Боже мой — здесь весь цвет нашей крымской группы: Витя, Слава, Моисей, Нелля, Света, Мирра. Я давно не видел Инну Оскнер — моего первого инструктора: не изменилась почти, такая же изящная, красивая, приветливая. Именинница — Ира хлопочет, у неё много сегодня забот. Филолог по образованию, до сих пор красивая, она несколько лет была вторым редактором одной из областных газет, но не ужилась, ушла. Умница, артистичная натура. Мы её почему-то раньше, в юности называли «Голубка»…

Мне наливают штрафной стакан водки. А я и не отказываюсь: во-первых зябко из-за дождя, а во-вторых… Смешно сказать, но я, уже 47—летний мужик, мастер спорта, кандидат наук, с устойчивой репутацией в науке и в спорте, до сих пор, как и 27 лет назад, чуть робею перед своими по-прежнему очень активными подругами. Некоторые из присутствующих здесь мужей моих подруг не понимают ни моего смущения, ни реакции на шутки четвертьвековой давности…

Наскоро поев, я привычно беру гитару и 5 часов подряд пою у костра одну песню за другой. Кто-то на меня заботливо накинул накидку, кто-то обнял. Идёт непрерывный мелкий дождь. Но он не мешает. Я среди своих. Мне очень хорошо, спокойно и уютно, и я подозреваю, что мои друзья и подруги тоже с удовольствием окунулись в нашу молодость, в наши песни, стихи и шутки, в нашу нерастерянную ещё романтику.

…Никто не хотел уходить от тёплого костра спать в палатки, но завтра утром нужно было возвращаться в город…

На следующий день Ира предложила нам вечерком собраться у неё дома на чай. Каждый из нас принёс букетик цветов, а Инна Оскнер принесла стихи:

— Я приняла горячий душ, но всё равно вся пахну дымом костра!

Я с приятелем подобрал к этим стихам незамысловатую мелодию, и появилась песня, которая была зачата в далёком 1952 году в Крыму, а окончательно оформилась только сейчас. Вот она:


Дни дождливые проносятся мимо,

Мы вернулись в городские квартиры,

Только волосы мои пахнут дымом,

Пахнут памятью об очень любимом.


Я под тяжестью годов не меняюсь,

Повторяю снова те же ошибки,

Если в горле комом боль — улыбаюсь,

И морщинки все мои от улыбки.


Не меняю ни друзей, ни привычек,

С окружающей средой не меняюсь,

Бью наотмашь подлеца, не стесняюсь,

Уж такой у нас сложился обычай.


Ледники нас научили молчанью,

Горы петь нас научили и драться,

Нам не страшно на года расставаться —

Всё равно ведь слышишь рядом дыханье.


Седина наша — предутренний иней,

Мы не вечны — зато вечно движенье,

Потому что наша жизнь — восхожденье

Не к чинам и не к достатку — к вершине.


Дни дождливые проносятся мимо,

Мы вернулись в городские квартиры,

Только волосы мои пахнут дымом,

Пахнут памятью об очень любимом…

ОЧКИ

В нашей послевоенной мужской школе я долгое время стеснялся носить очки, хотя да­же с первой парты плохо видел написанное на доске… На улице я впервые решился одеть очки одним тёплым апрельским вечером. Я только что вышел из бани и попал на центральную площадь Харькова — Павловскую. Накануне прошёл дождь. Площадь была в свежих лужах, в которых отражались фонари. Прищурившись близорукими глазами на расплывчатый пейзаж, ждал, пока проедет трамвай. Вдруг вспомнил про недавно купленные очки, непривычно водрузил их на переносицу — и обмер!

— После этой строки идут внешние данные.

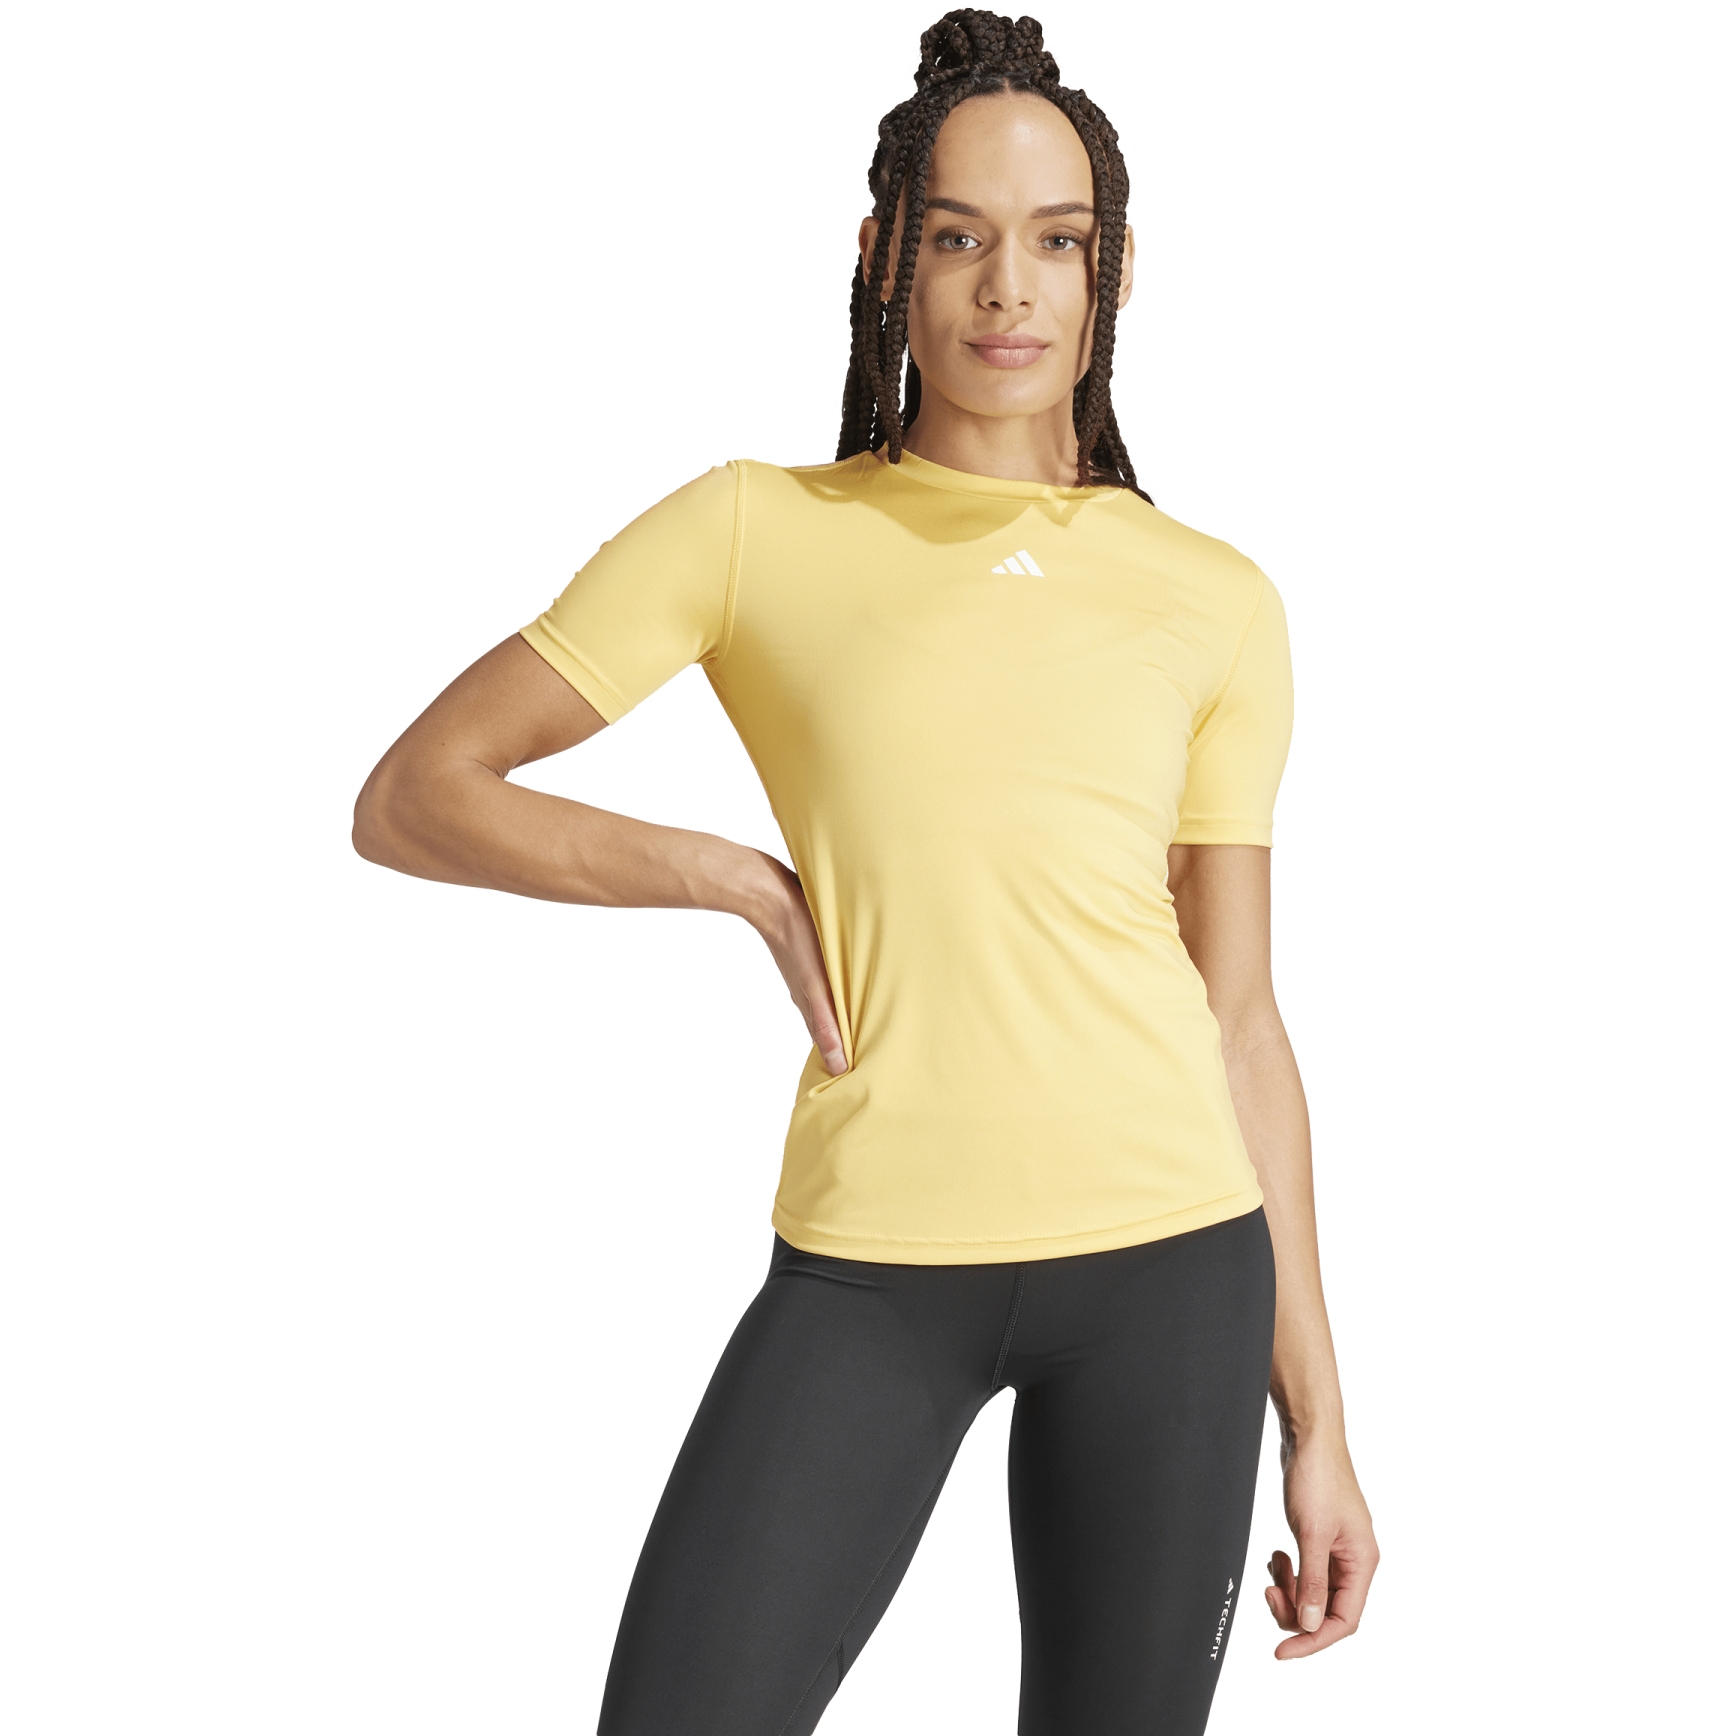 Produktbild von adidas Techfit Training T-Shirt Damen - semi spark/white IT6727
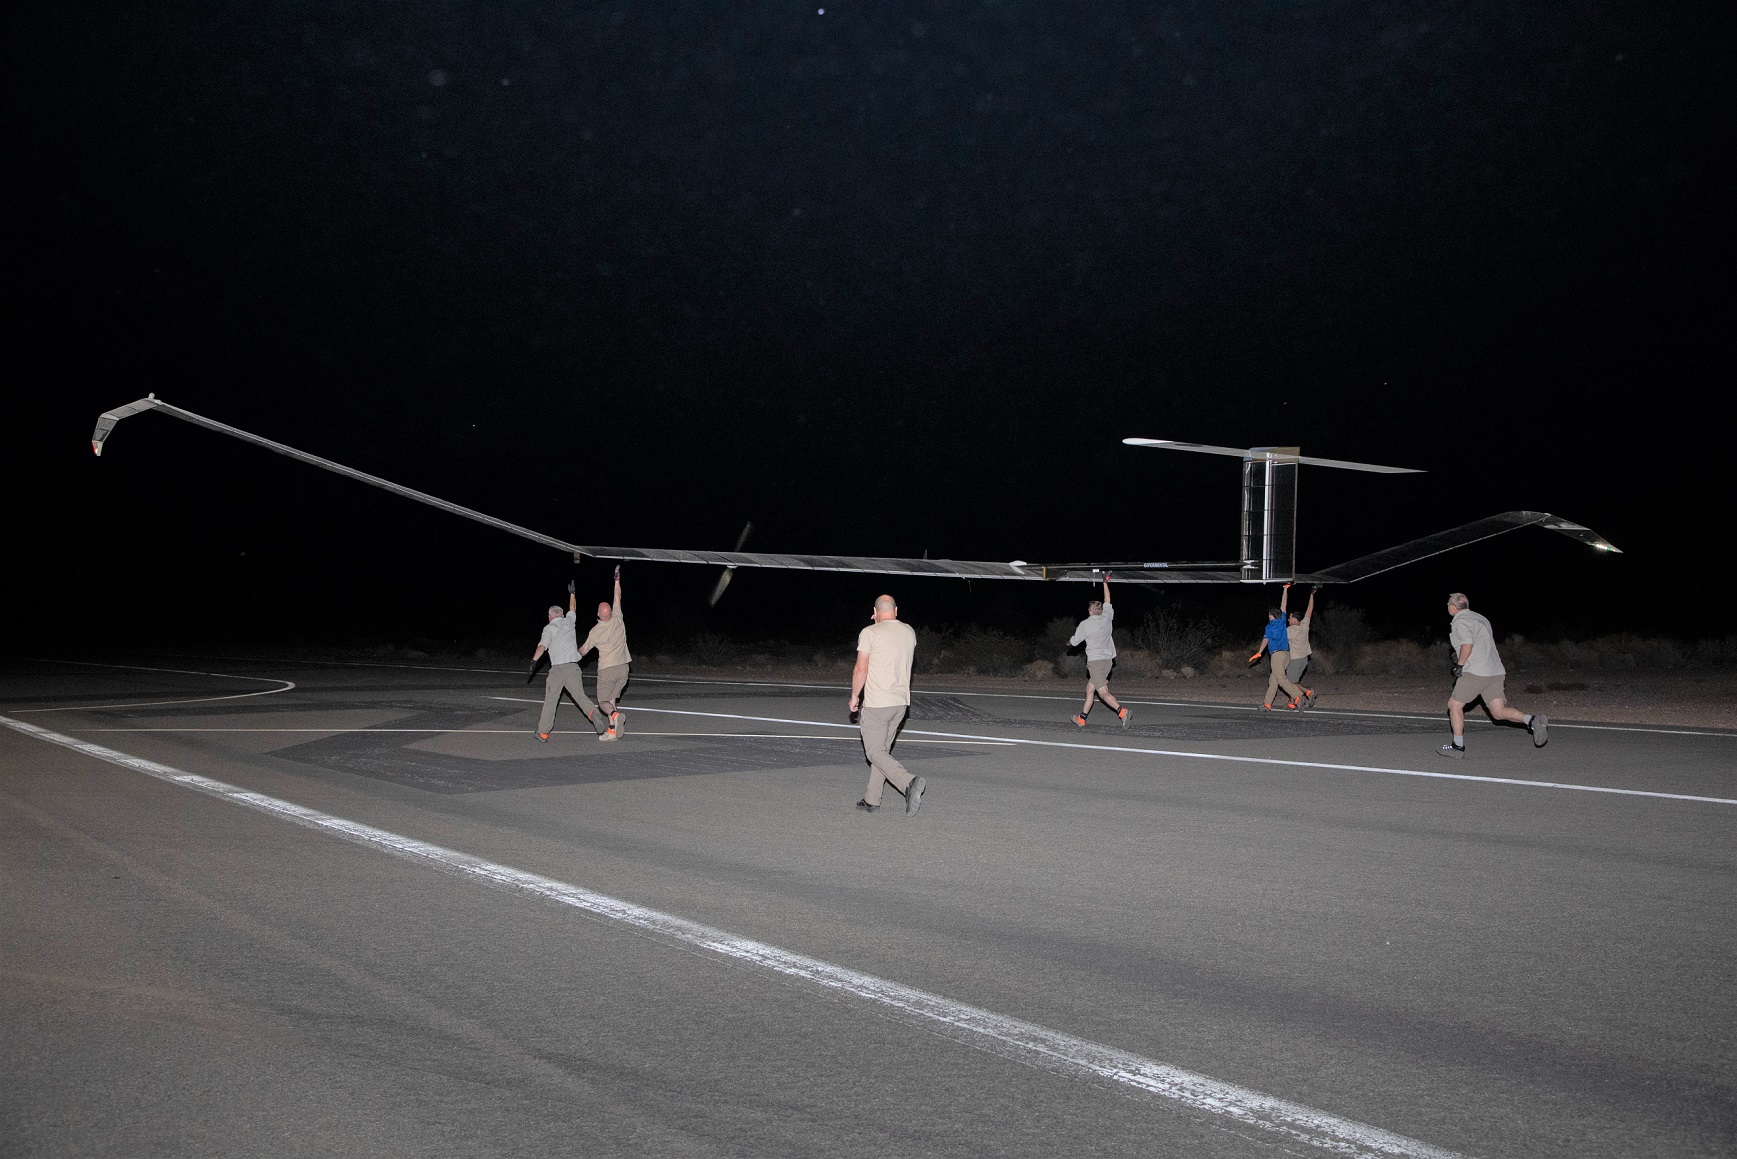 L'esercito americano sta testando un drone stratosferico, ha sorvolato la Terra per 36 giorni

Мне открылся новый мир, в котором были доселе неведомые мне подробнос­ти и детали, мир объёмный, сверкающий, непривычно контрастный и очень живой. Зеркала луж, аквариумы движущихся трамваев, фейерверки лучей от каждого фонаря, знаменитая уходящая в тёмное небо лестница к старому университету, сверкающий празд­ничными огнями тяжёлый комод универмага, тяжёлая масляная вода в реке, подсвечен­ные афиши кинотеатра на другой стороне реки и люди. Каждого из людей можно узнать, посмотреть в лицо, оценить одежду, походку, определить профессию… С непривычки чуть кружится голова, шаги неуверенные. Глядя на землю в очках, я казался себе очень высоким…

Я вспомнил свои занятия в секции бокса, мне тренер всё время кричал:

— Держи дистанцию, дистанцию держи!

Откуда ему было знать, что мне, близорукому, держать дистанцию было трудно. А в боксе, как известно, очки не носят… Позанимавшись год, я вынужден был оставить бокс. В этой же детской спортивной школе была секция гимнастики. Мой приятель и сосед по парте Юра Катков давно уговаривал меня заняться гимнастикой. У него уже был тре­тий разряд!

Третий разряд по гимнастике я получил, так ни разу не одев очки. Как выяснилось, пока это мне не мешало работать на снарядах, выполнять вольные упражнения под му­зыку. Вот разве что прыжки через коня, где нужен точный расчёт по разбегу и толчку.

Всё стало совершенно иначе, когда я начал готовить программу 2-го и особенно 1-га разряда по гимнастике. Соскоки сальто на кольцах, на перекладине, на брусьях, связка рандат — фляк — сальто в вольных упражнениях и особенно различные прыжки через коня требуют точного расчёта, глазомера. Пришлось надеть очки. И здесь началось…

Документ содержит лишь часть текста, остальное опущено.